No, I studied hard, and leant in to a career. Would not give it up to be dependent on someone.

Independently wealthy in my own right. Yep would still work. It is a good example to set to your children.

LifesTooShortYOLO · 26/08/2021 17:36

Thank you for the replies so far.
To answer some questions
Yes we have savings and also no mortgage, for me it's more about not feeling 'bored' while DS starts school? If that makes sense.
DH is happy what ever I choose.

OP posts:
Kite22 · 26/08/2021 17:36

"Would you work if you didn't have to?"

Not if I won the lottery.

Not now, at my age - when friends are retiring, and we have enough money we have earned over the decades.

However
If I were young, then yes. Possible not in a "little part time job" though.
As a pp said, I would work for

1. Purpose and pride
2. Adult company and stimulation
3. Repaying society for my education and training Not sure about 'repaying society', but definitely because I was brought up to be a strong independent woman, and because I want to feel I'm contributing something to society with the skills I have gained through my education and upbringing.
4. Saving up for pension.
5. Safetynet in case dh were to die/leave me.

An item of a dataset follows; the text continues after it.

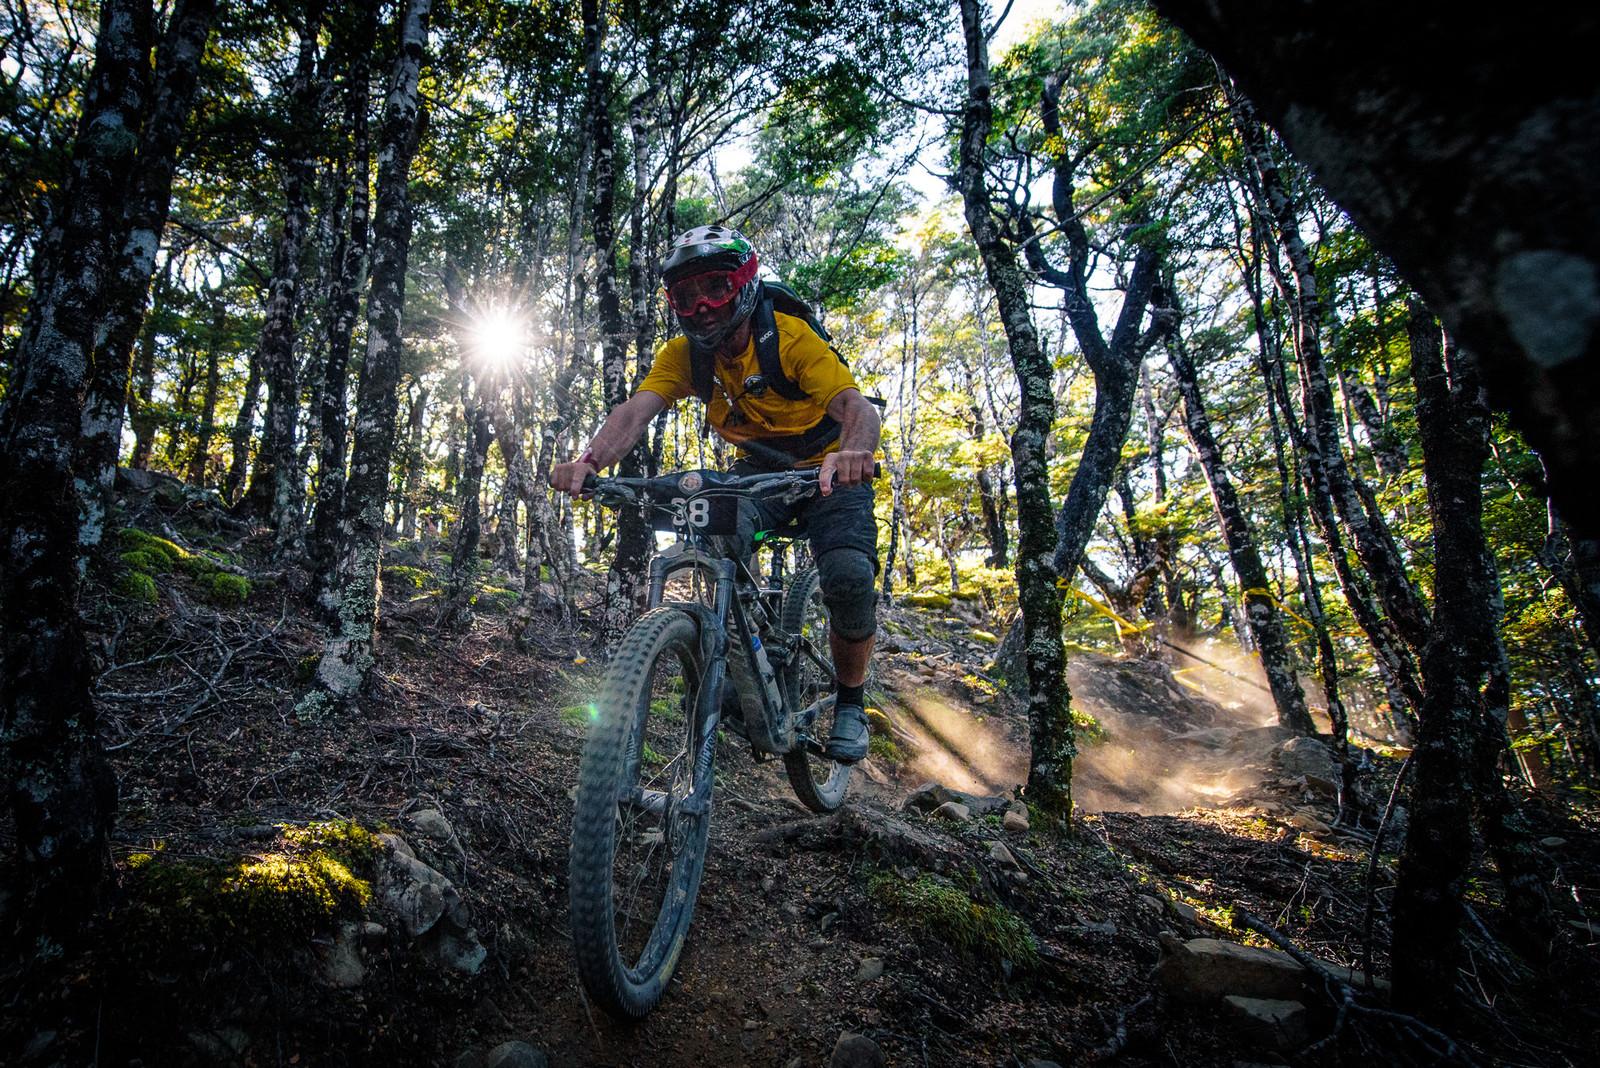 Barrie Wallington - 2019 Dodzy Memorial Enduro - Mountain Biking Pictures - Vital MTB

I think 'stimulation' would be a big part of it.

UpToMyElbowsInDiapers · 26/08/2021 17:38

I would absolutely still work!

…although I love my job so much that I’m still chipping in bits and pieces for free while on mat leave, so I may not be the norm. 😝

Seriously, though, I think it’s important to have a world beyond our children, and a bit of financial independence is no bad thing either.